I sat in the back of Cafe Tropical, a Cuban café on Sunset Blvd in Silver Lake, LA, the type of place that could only exist with rent control in a neighborhood where smoothies were $15 a few doors down, and the who’s who of the East Side were rubbing elbows sipping spiced sugared rimmed mezcal cocktails at Cafe Stella down the block. This place was no frills. You entered through the side door into a back room. There was the token free watery coffee. And that was it. People in the room spilled their stories of being love and sex addicts without holding back…from being addicted to romantic films, to creating “intrigue” with married co-workers, to compulsively moving from Tinder to Bumble to Raya to Hinge setting up multiple dates a day. Every ounce of my being resisted this room. The voices inside of me cried: “This is not me. No, no. But you see my spiritual practice is love! But I’m a romantic soul! But I’m a Pisces! But I’ve always been a flirt! But I’m half Brazilian!” If I went into recovery for love, would this mean I couldn’t watch romance movies anymore? Would I have to ban Lana Del Rey from licking my inner ears with her sad croons? Would I have to stop being a “love driven being?” I gulped.

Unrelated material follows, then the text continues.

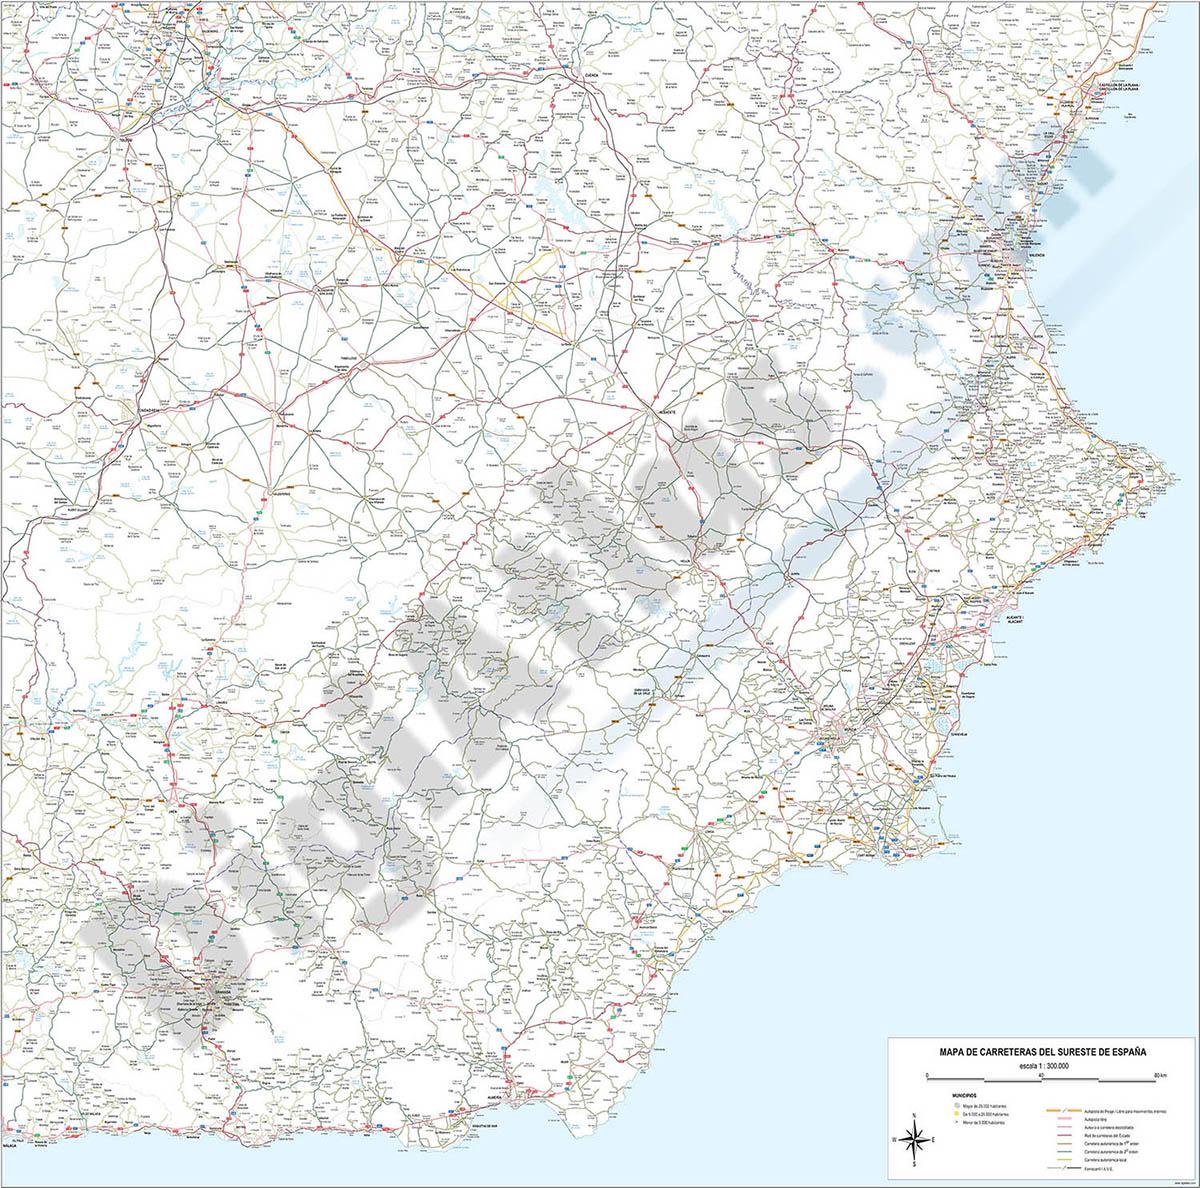 Mapa de carreteras y poblaciones del sureste de espaa
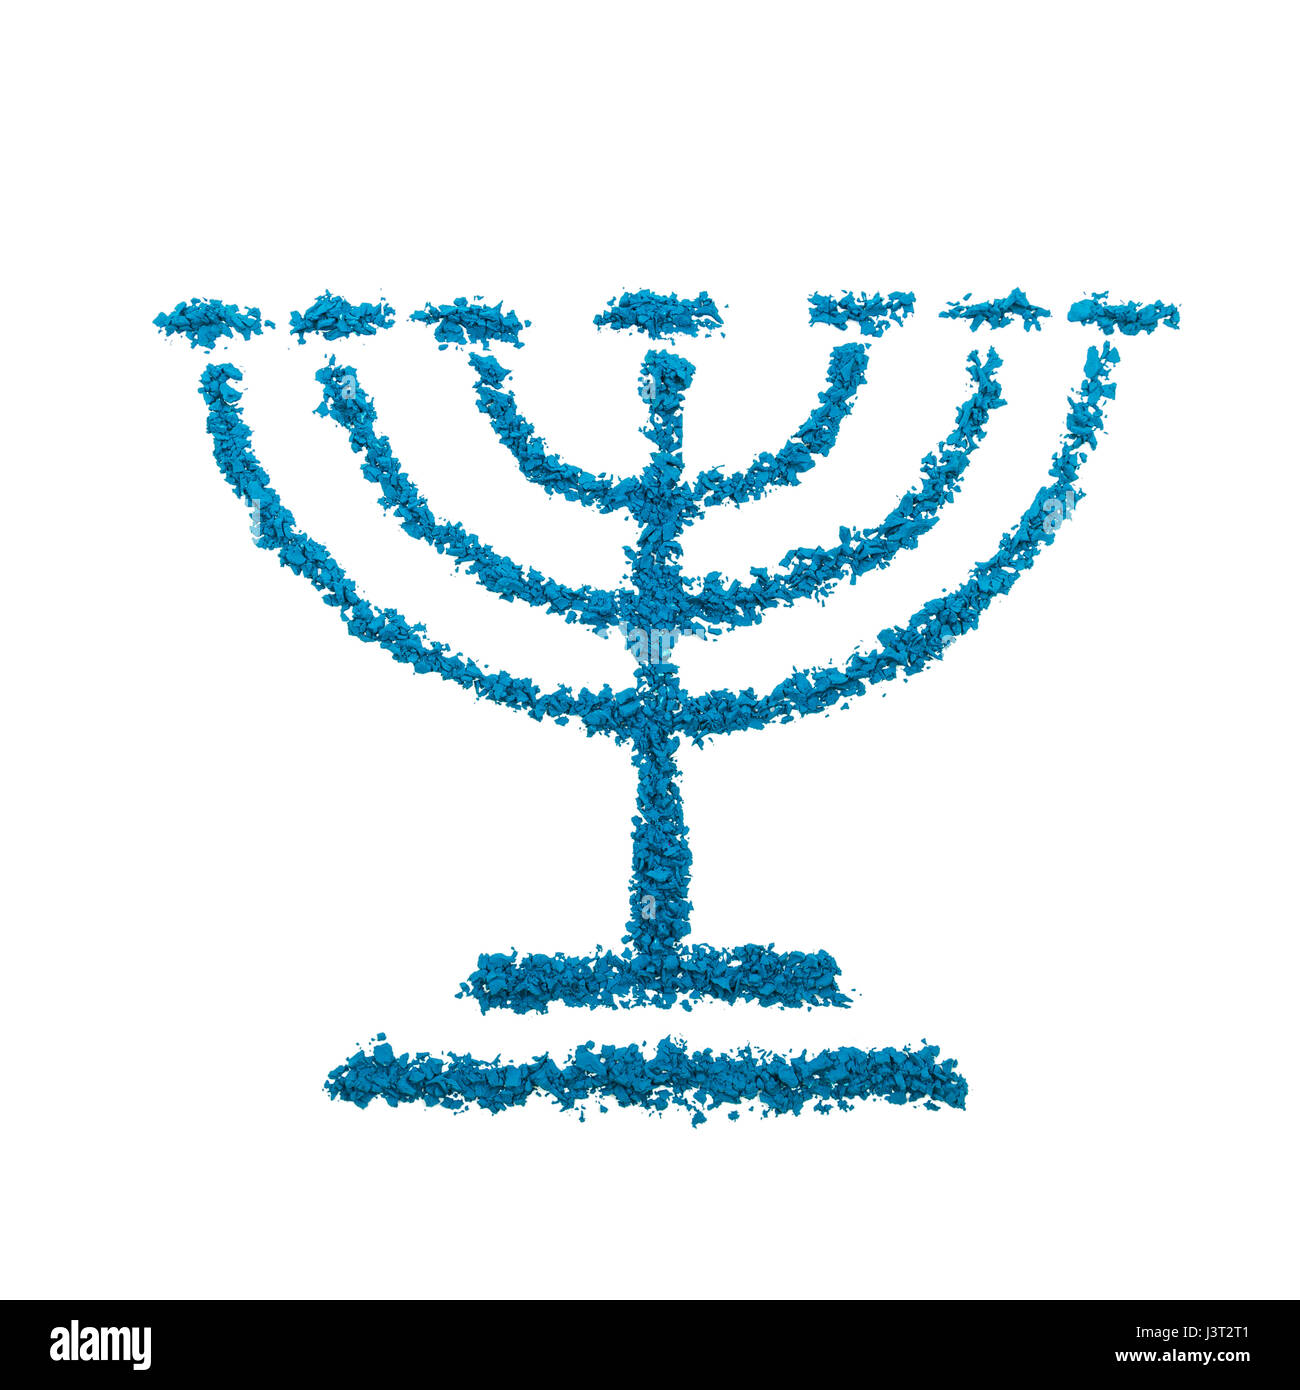 Hanukkah Menorah Jewish Stock Photos Hanukkah Menorah Jewish Stock

When I left that room that day I decided A. I needed to go back to a women’s only meeting because there were too many cute hipster dudes in the room and it was distracting and B. Maybe I had a floating addiction and I would look for anything to fill the “god shaped hole” as Anne Lammott called it, and I needed to get to the bottom of that hole stat. Love was perhaps the thing I had craved since my parent’s divorce at age 5 when the family cracked and parents become busy, and less available, but perhaps it was even before that. Perhaps I was born that way. Hungry. I lived with that hunger my whole life. And sometimes when I was in a relationship long term, the hunger subsided. It went dormant, became subdued and drugged by Netflix nights and laughter under the sheets, and egg and toast mornings, and legs interlaced on the couch. But when I was single the hunger undoubtedly came back. Sometimes the hunger came back and made me become single, as if it was holding a gun to my head hissing in my ear: “Time to go pursue something new…” like a fiend looking for a hit. Sometimes it came back more ravenous than before, casting me onto the street to beam my wide-eyed blue siren’s call in whatever direction it could find. From that deeply pained and hungry place I did have some of the best sex of my life. It was that ravenous, broken, fucked up kind that you know cannot last and leaves you in a strange state that feels so alive, and so unbelievably empty at the same time.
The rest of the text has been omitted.